BEGIN Input data

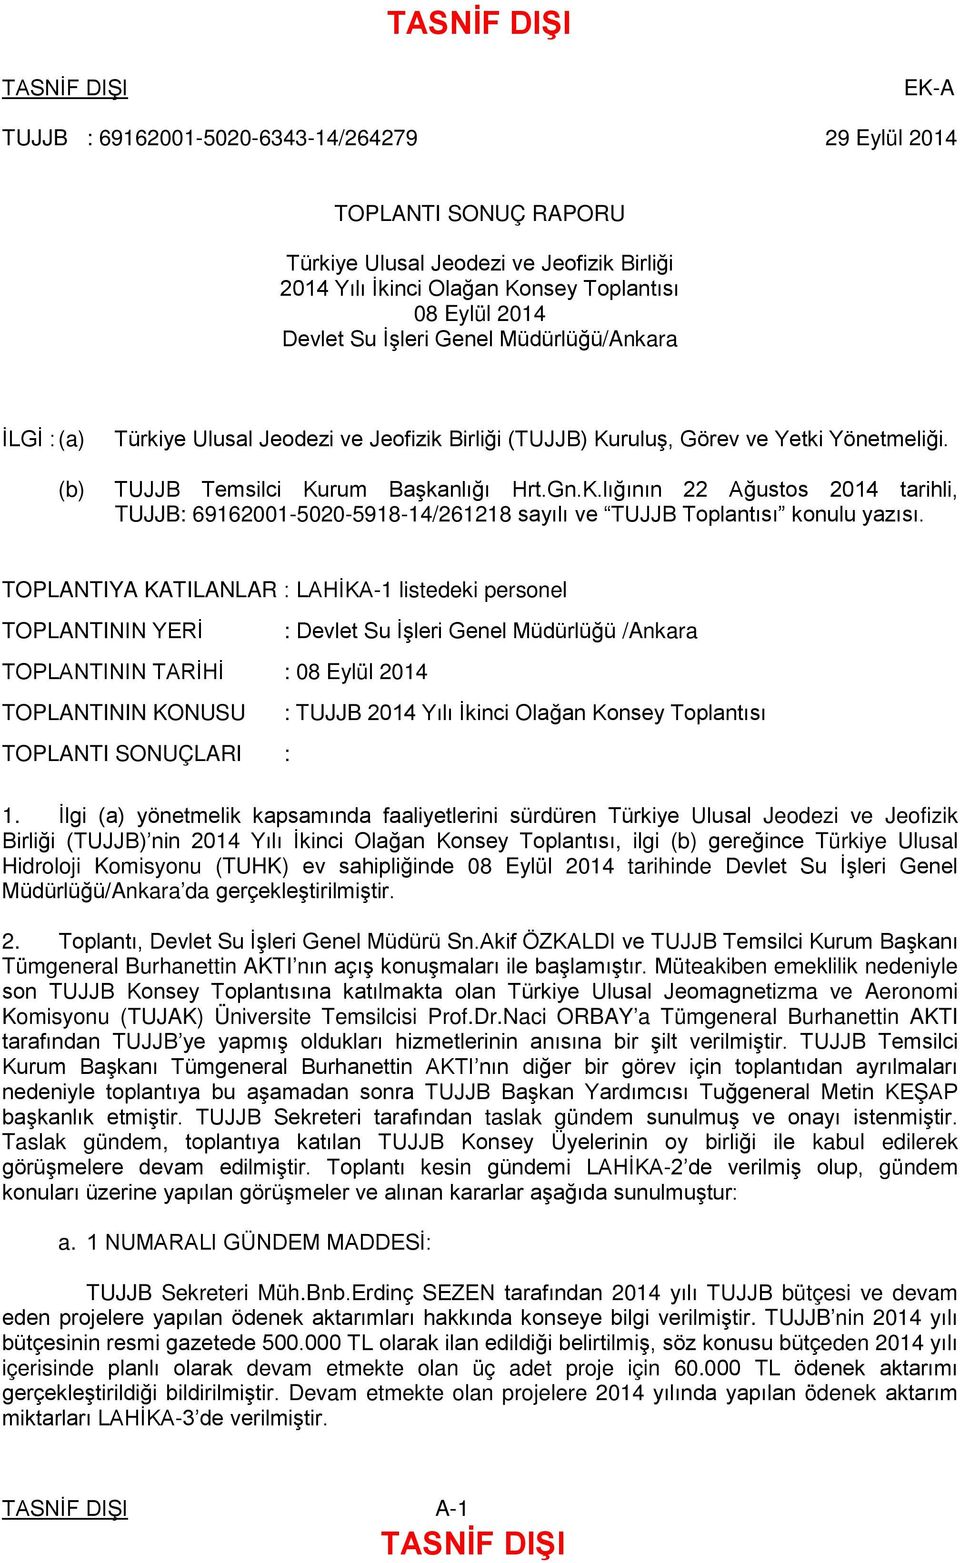 TOPLANTIYA KATILANLAR : LAHİKA-1 listedeki personel TOPLANTININ YERİ : Devlet Su İşleri Genel Müdürlüğü /Ankara TOPLANTININ TARİHİ : 08 Eylül 2014 TOPLANTININ KONUSU : TUJJB 2014 Yılı İkinci Olağan
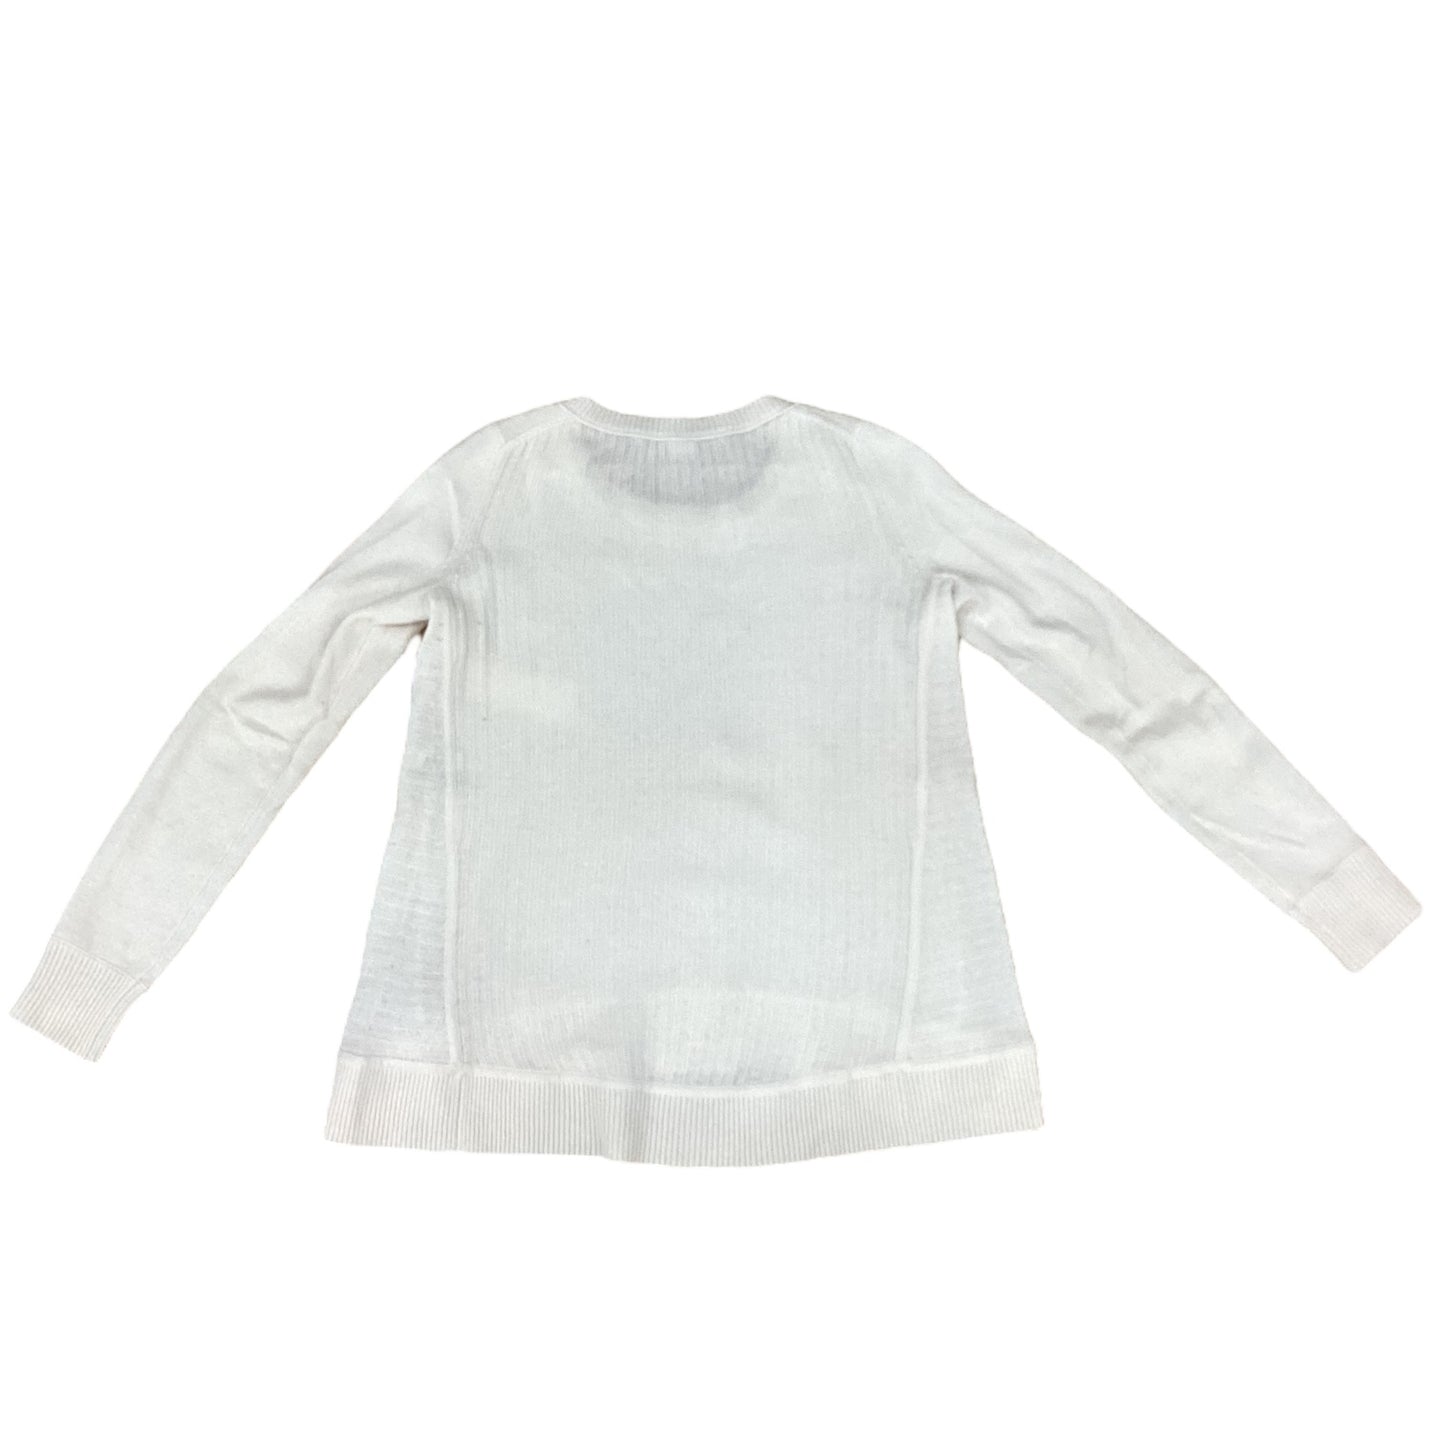 Sweater By Diane Von Furstenberg  Size: S
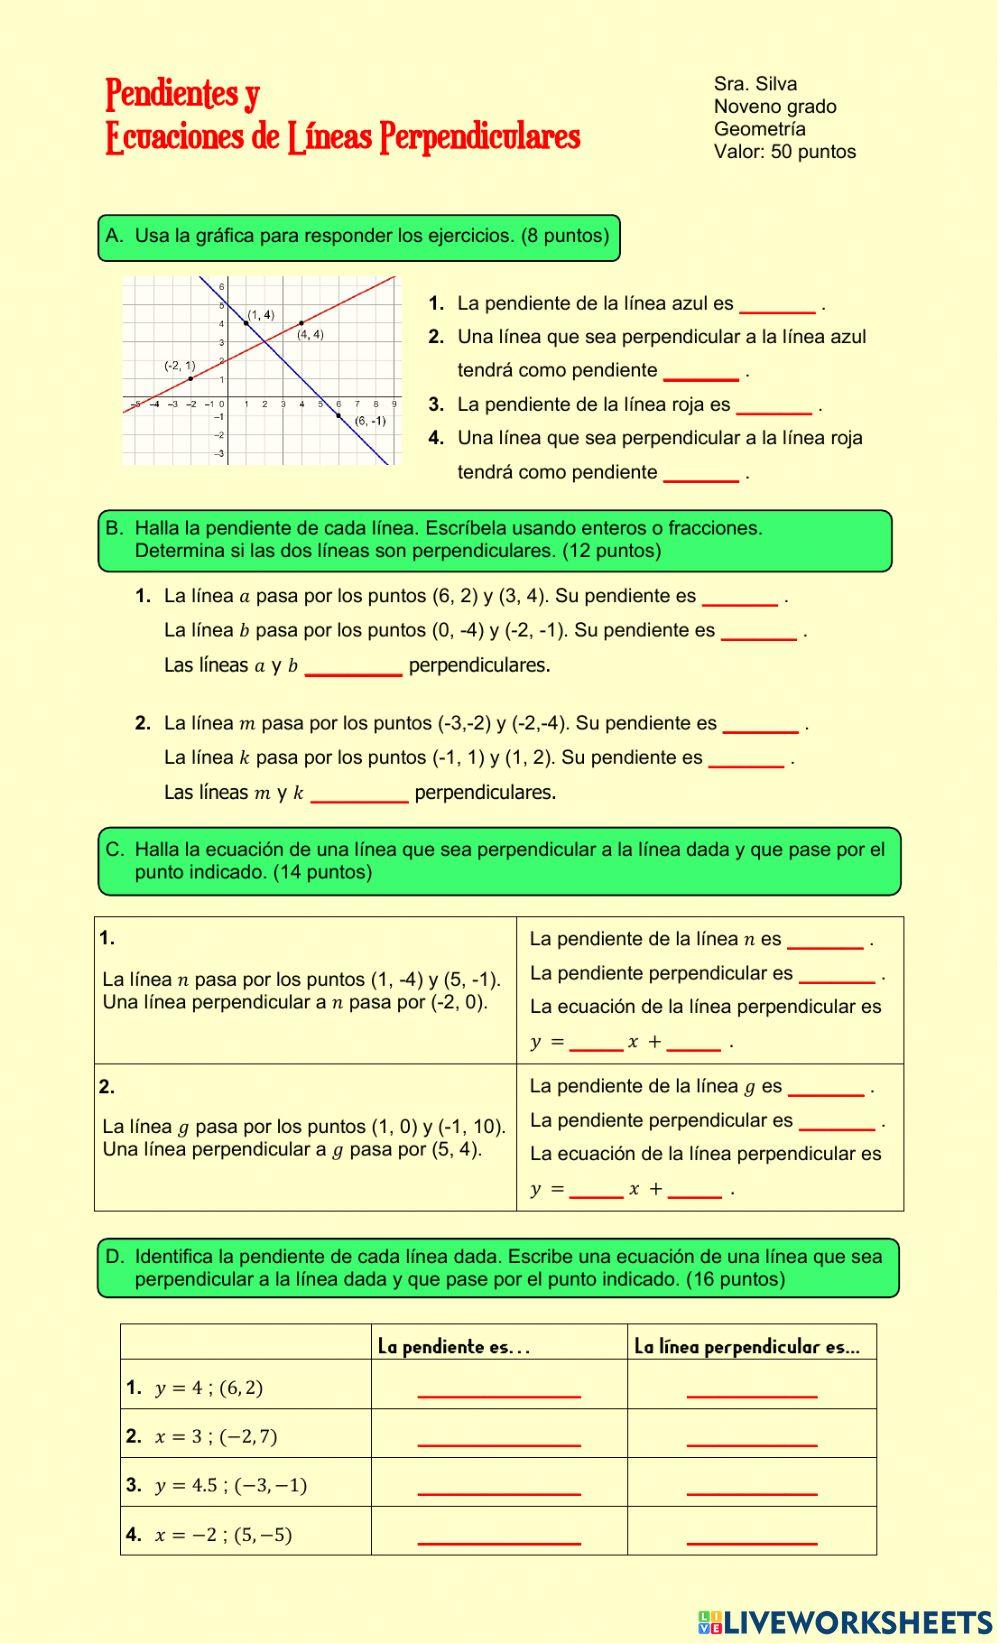 Pendientes y Ecuaciones de Lineas Perpendiculares
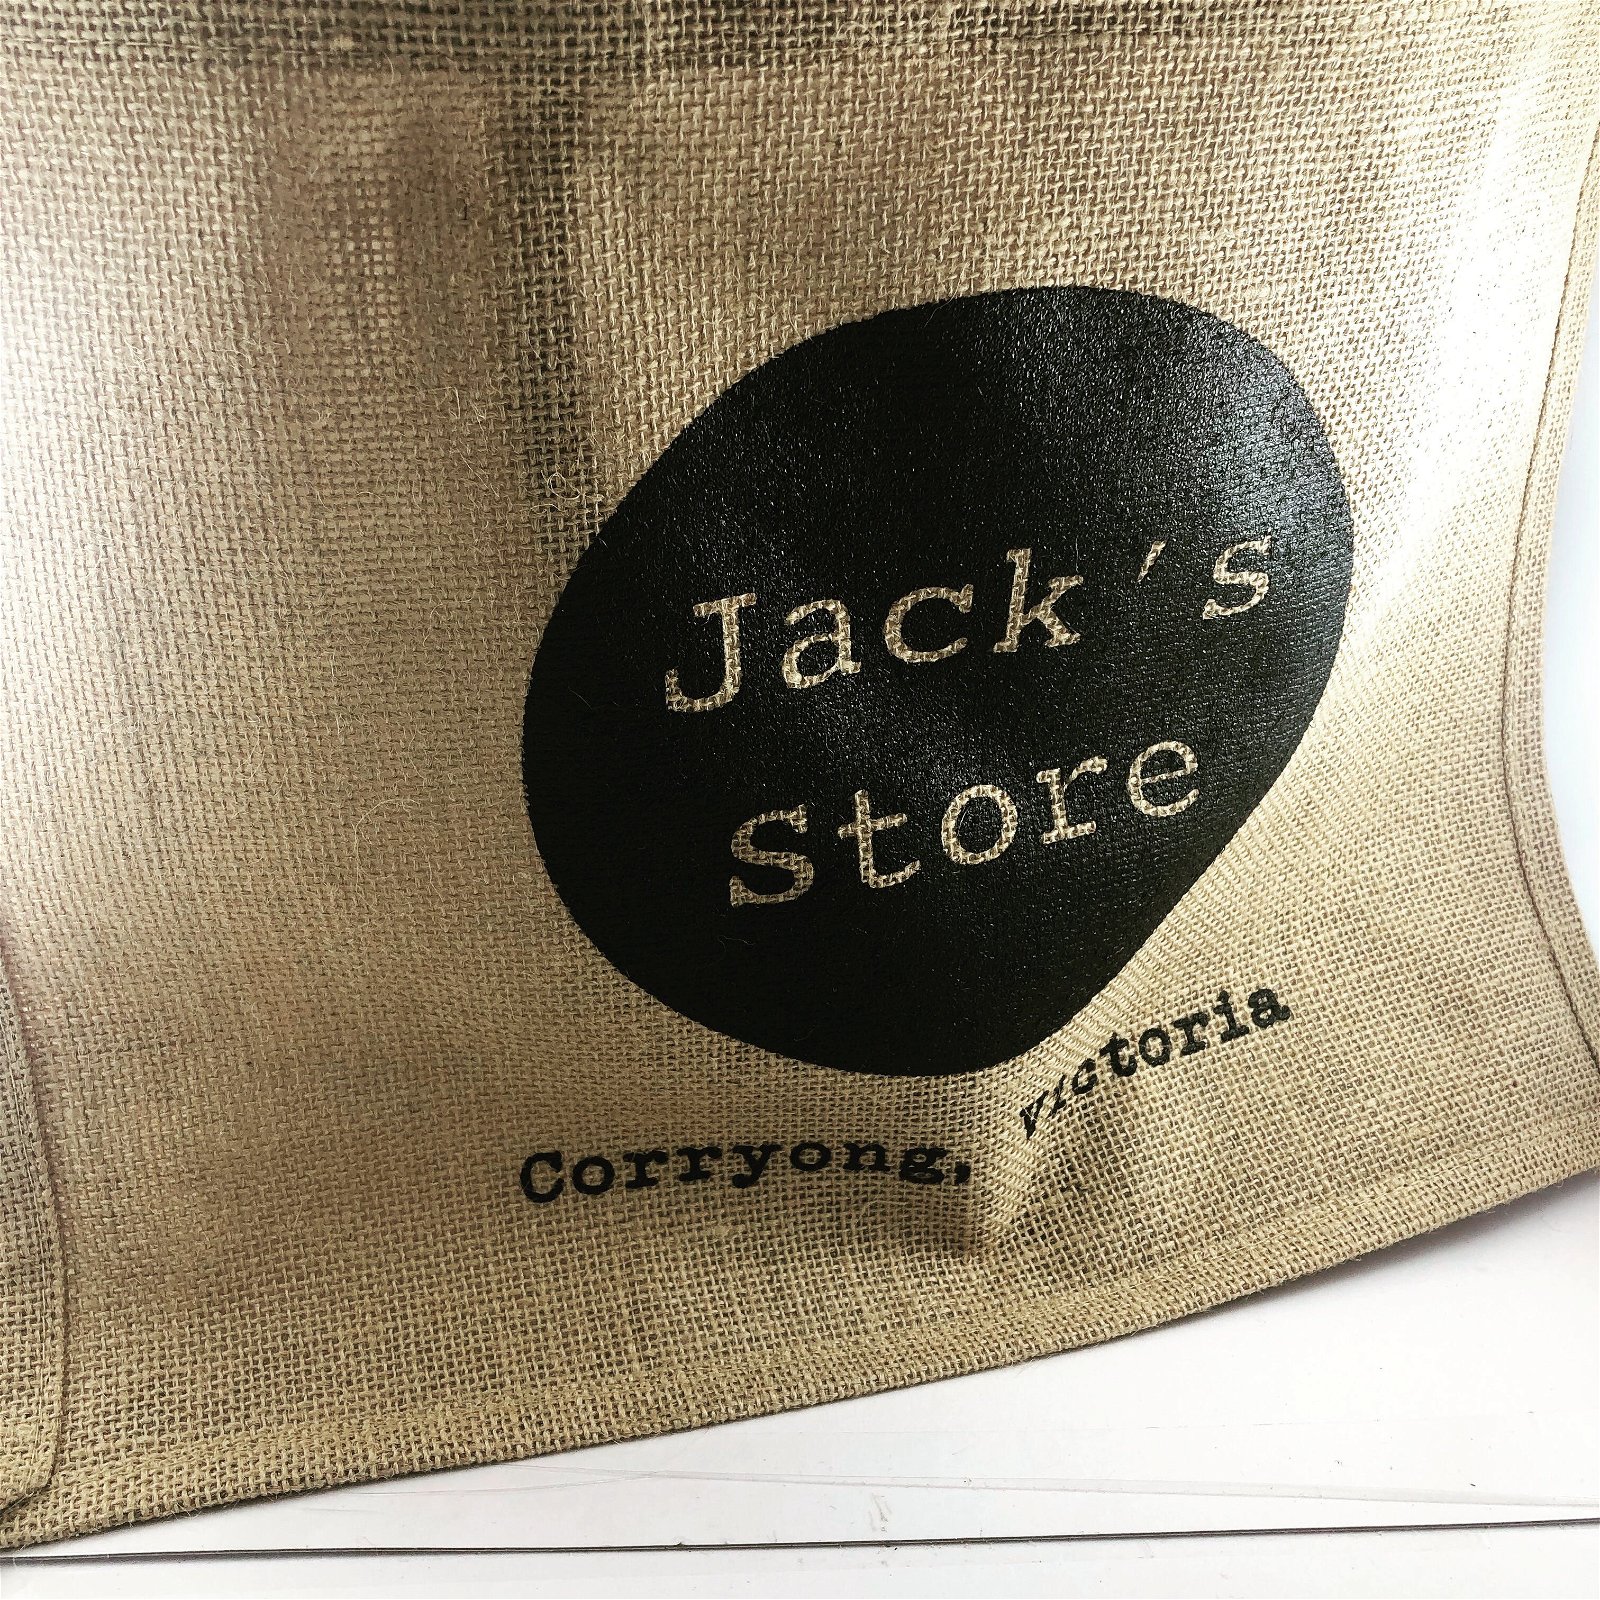 Jack's Store - Pubs Sydney

END Input data

Problem:
Line for line, restate the data above and omit every picture.

Exercise answer:
 TOPLANTIYA KATILANLAR : LAHİKA-1 listedeki personel TOPLANTININ YERİ : Devlet Su İşleri Genel Müdürlüğü /Ankara TOPLANTININ TARİHİ : 08 Eylül 2014 TOPLANTININ KONUSU : TUJJB 2014 Yılı İkinci Olağan
 Sweater By Diane Von Furstenberg  Size: S
 Pendientes y Ecuaciones de Lineas Perpendiculares
 Jack's Store - Pubs Sydney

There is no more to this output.